Это пройдет? (СИ) - Теплова Юлия. Страница 4
Интересно, сколько ему лет. Оле вроде двадцать пять, они с Ксюшей в одной группе учились в университете. Думаю, ему примерно столько же. Он производит приятное впечатление уверенного и дружелюбного человека. Жаль, что мать у него лживая тварь.
Оказавшись в своей комнате, сажусь за ноутбук и ввожу название бара в поисковую строчку. Просматриваю социальные сети. Сразу видно, что Гриша вложился в оформление: выдержан общий цвет и стилистика страницы. Я думала, что неон больше не в моде, но красная вывеска, бросающая блики на снежную улицу, смотрится атмосферно. Хочется завернуть в бар дождливым вечером после неудачного дня, чтобы пропустить бокальчик чего-нибудь крепкого.
Под фотографиями много лайков, репостов, комментариев. Открытие вышло ярким.
Без труда нахожу страницу Гриши.
Они с Ксюшей на фоне моря. Гриша в одних синих шортах демонстрирует пресс. Ксюша в белом купальнике прижимается к нему.

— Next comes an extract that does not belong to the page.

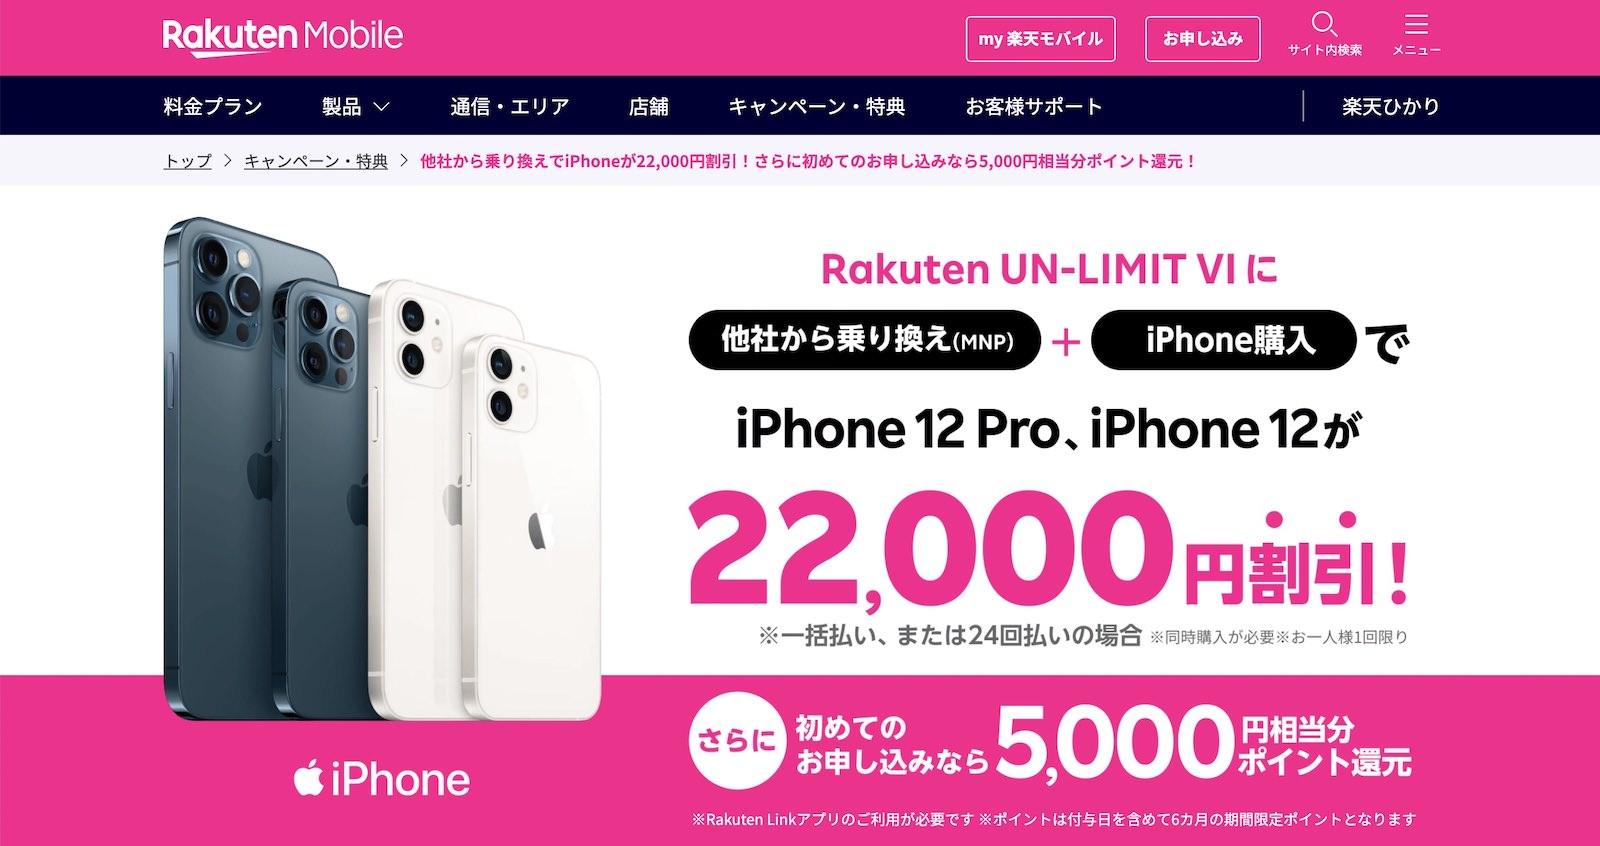 Rakuten mobile iphone campaign

На следующем снимке Гриша на какой-то вечеринке салютует бокалом виски. Пара красивых видов из путешествий. То ли Италия, то ли Португалия. Все просто. Никаких глубокомысленных подписей под фотографиями или миллиона фотографий из спортзала.
Делаю ещё несколько кликов и вуаля – я смотрю на фото его матери. Ну здравствуй, Ильяшенко Нина, 1981 года рождения.
В повседневной жизни она предпочитает платья, мягкие локоны и маленькие сумочки. Как сказала бы Вика – «девочка-девочка». Лишние килограммы ее при этом совершенно не смущают. У неё свой цветочный магазин на пересечении Советской и Ленина, недалеко от «Лаборатории вкуса», где они недавно встречались с отцом.
У нее на станице есть один снимок с открытия бара. Она стоит между Гришей и Ксюшей, обнимает из и счастливо улыбается в объектив. Как же я ее ненавижу.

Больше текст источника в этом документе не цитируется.